The present invention has been made in view of the above circumstances and provides a recording/reproducing head, a recording/reproducing disk, and a recording/reproducing disk apparatus which are capable of high density recording, cost reduction, easy tracking control, and high speed seek operation.
The present invention also provides a recording/reproducing head, and a recording/reproducing disk apparatus which are capable of high transfer rate and stable OAM recording.
According to the present invention, the recording/reproducing head and a recording/reproducing disk apparatus includes a laser beam emitting unit that emits a laser beam, a transparent condensing medium having a first surface which condenses the laser beam emitted from the laser beam emitting unit and a second surface on which the laser beam is condensed by the first surface as a beam spot near an end of the second surface, and a magnetic sensor disposed close to the end of the second surface, which detects an incident magnetic field.
With the above structure, the beam spot is formed near the end of the second surface of the transparent condensing medium, and therefore it is possible to shorten the distance between the beam spot and the magnetic sensor. As the result, tracking during recording and reproduction, it is possible to make the magnetic sensor to trace the track by the tracking of the optical sensor. Thus high speed seek operation is implemented.
The present invention further provides a recording/reproducing disk that is capable of optically assisted recording in which information is recorded by means of application of a magnetic field and irradiation of a near field wave spot and the information is reproduced by a magnetic sensor. Tracking marks for the near field wave spot are provided to be used in the recording and the reproduction.

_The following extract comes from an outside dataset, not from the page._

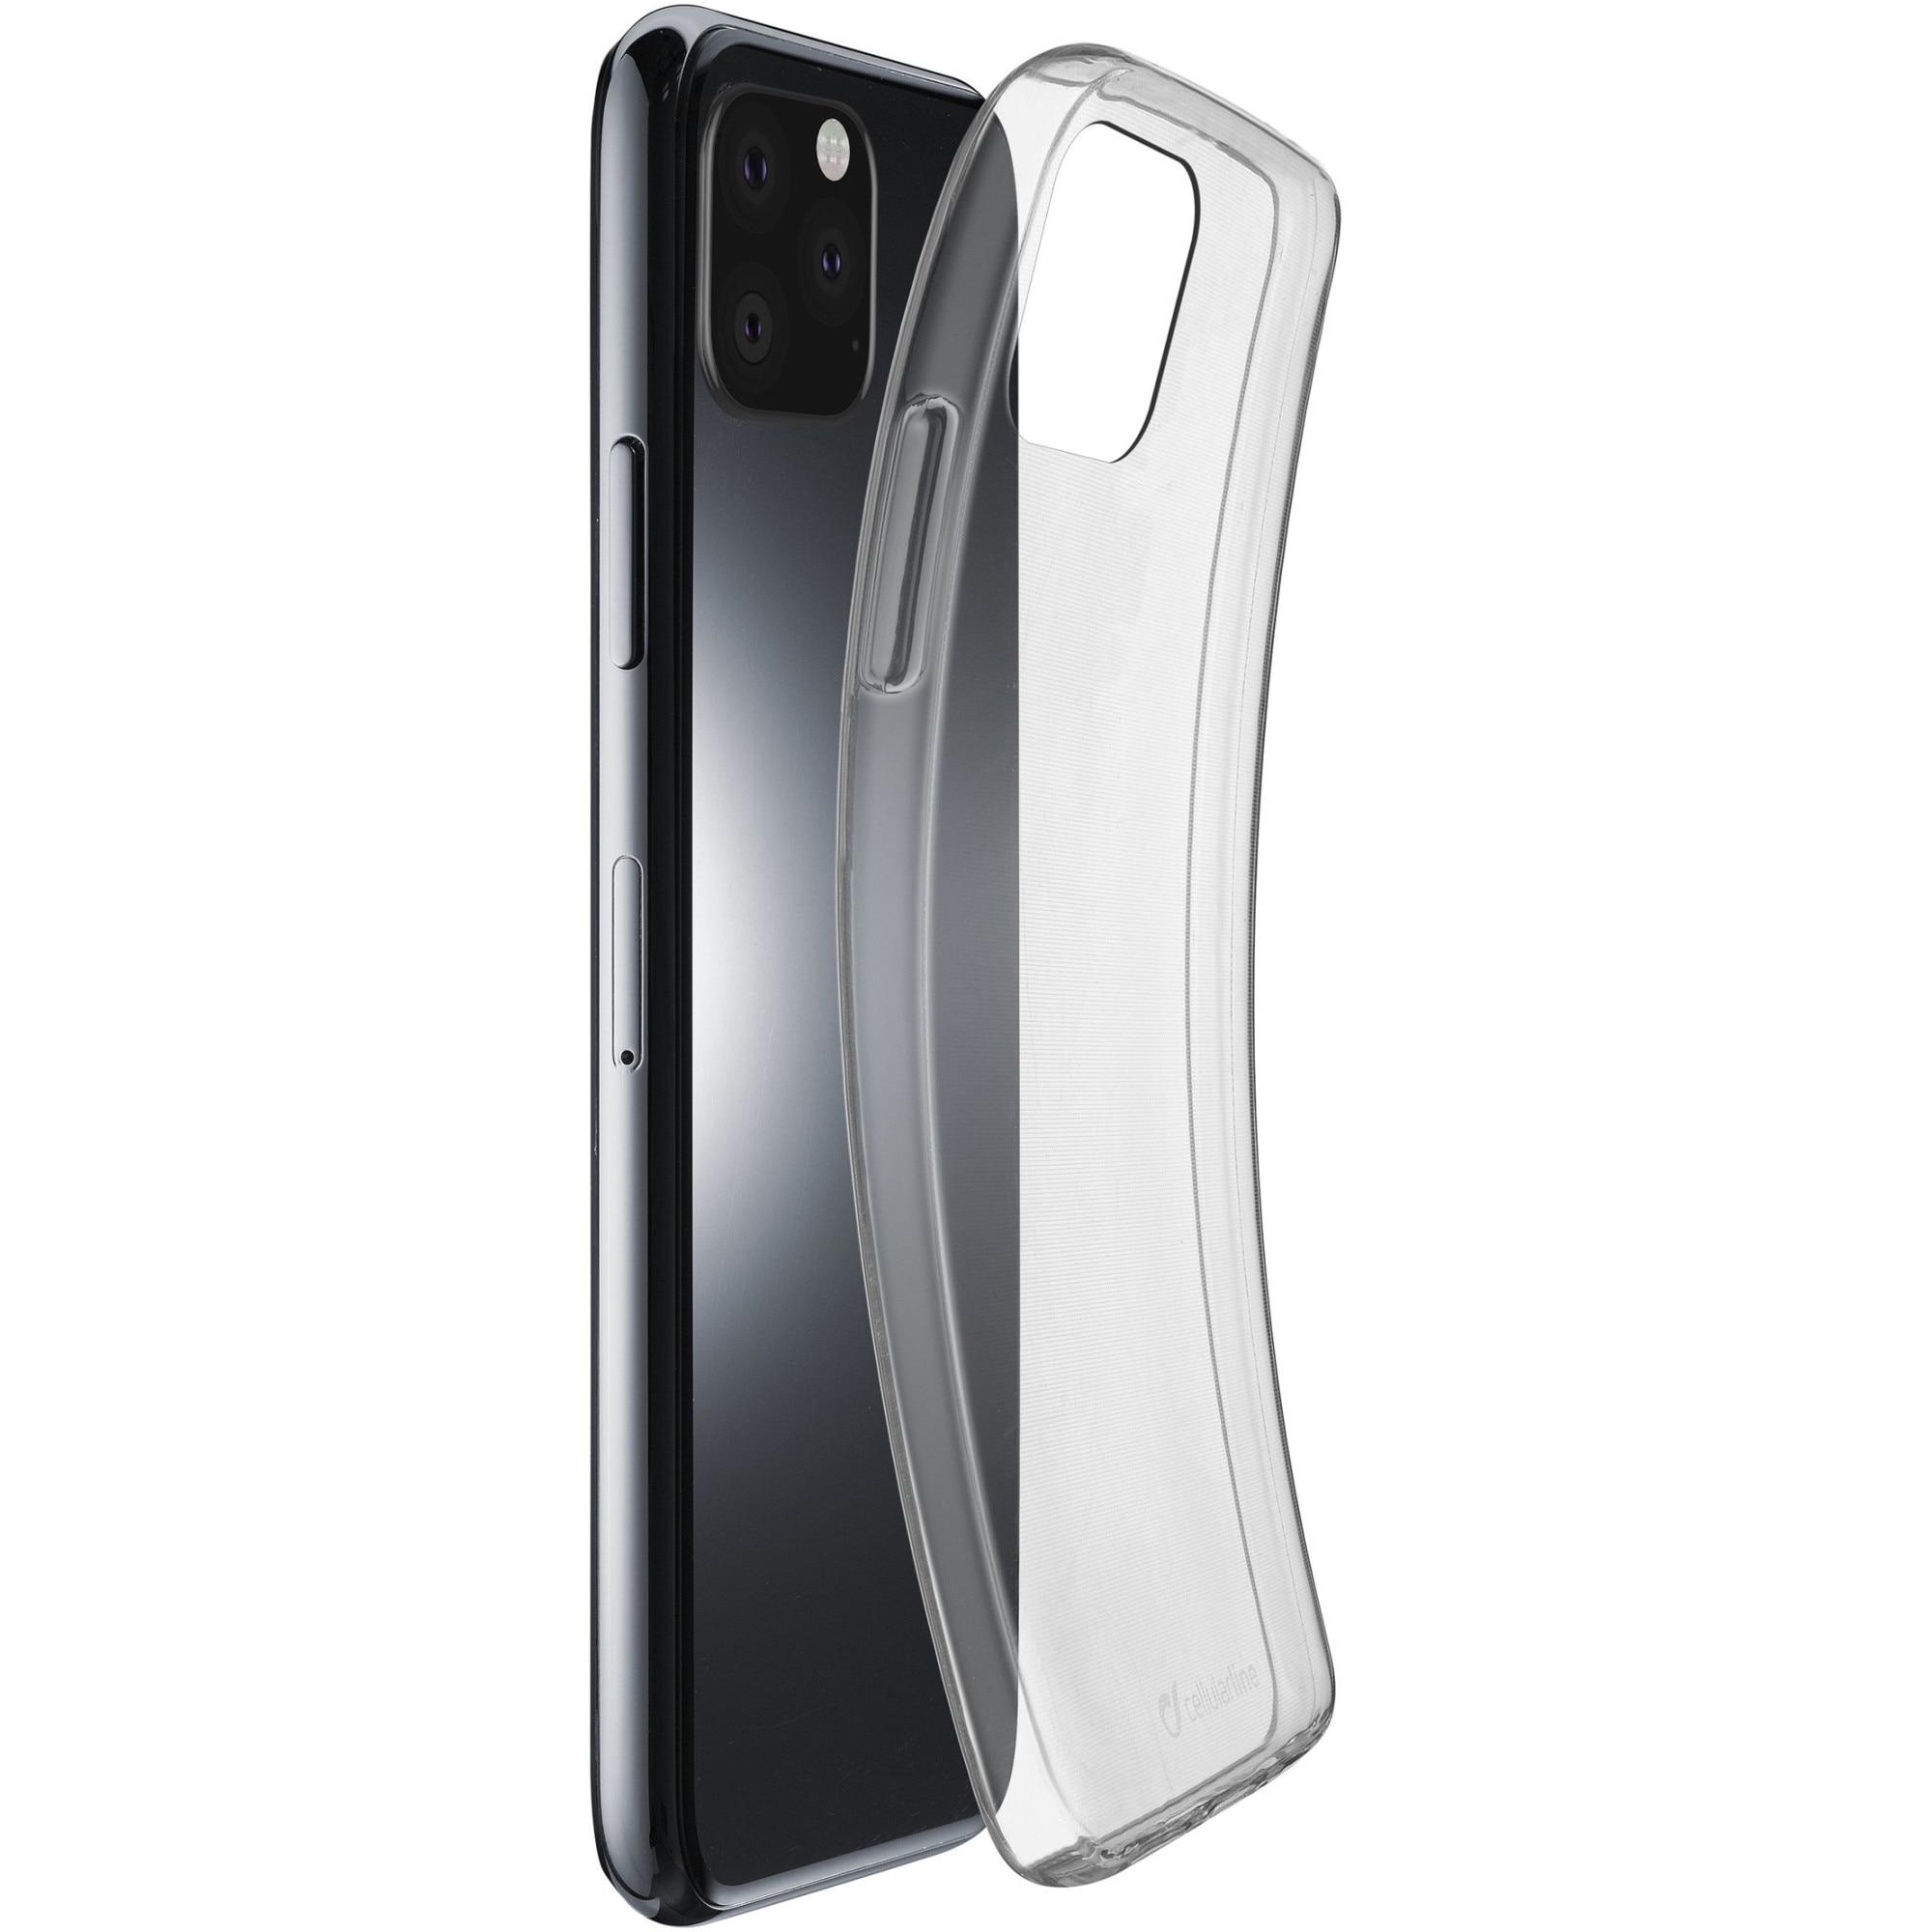 Fotografie Husa de protectie Cellularline Rubber Fine pentru iPhone 11 Pro Max, Transparenta
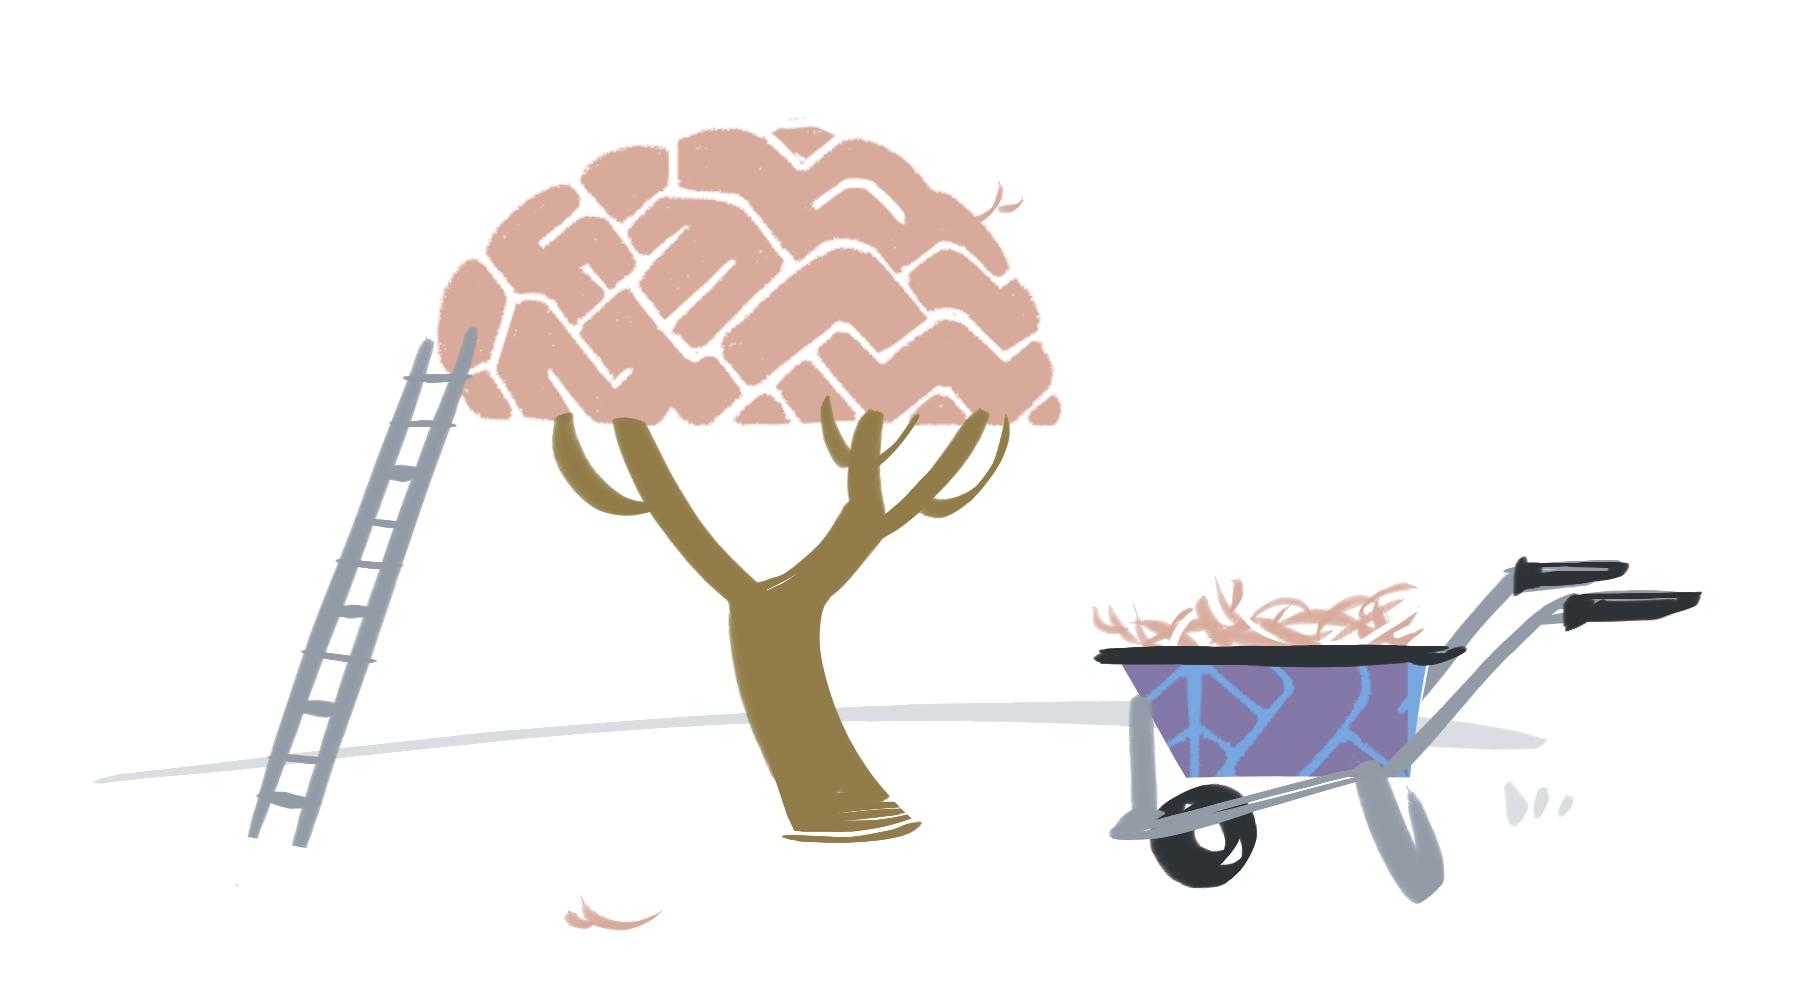 Groeien en snoeien: de hersenen van een kind

With the above structure, the recording track can be increased because the tracking marks for the magnetic sensor is not provided, and thus the high recording density is implemented.
The present invention further provides a recording/reproducing disk apparatus having a recording/reproducing head that records information by means of application of a magnetic field and irradiation of a near field wave on a recording/reproducing disk and reproduces the information by a magnetic sensor. The apparatus has a tracking unit that tracks based on the tracking marks for the near field wave spot on the recording/reproducing disk during the recording and the reproduction.
With the above structure, the tracking marks for the magnetic sensor can be omitted because tracking is performed based on the tracking marks for the near field wave spot during recording and reproduction, and as the result the number of recording tracks can be increased and high recording density is implemented.
Another aspect of the present invention further provides a recording/reproducing head including a laser beam emitting unit that emits a laser beam, a transparent condensing medium having a condense surface on which the laser beam is condensed, a coil that applies a magnetic field, disposed near the position on which the beam spot is formed, a shading member with an aperture of a predetermined size disposed on the condense surface at the position where the beam spot is to be formed. The shading member is formed of highly permeable material.
With the above structure, the number of turns of the coil can be reduced, thus the inductance is decreased, then high speed modulation can be performed. At the same time, the magnetic intensity can be improved, then the OAM recording can be performed stably.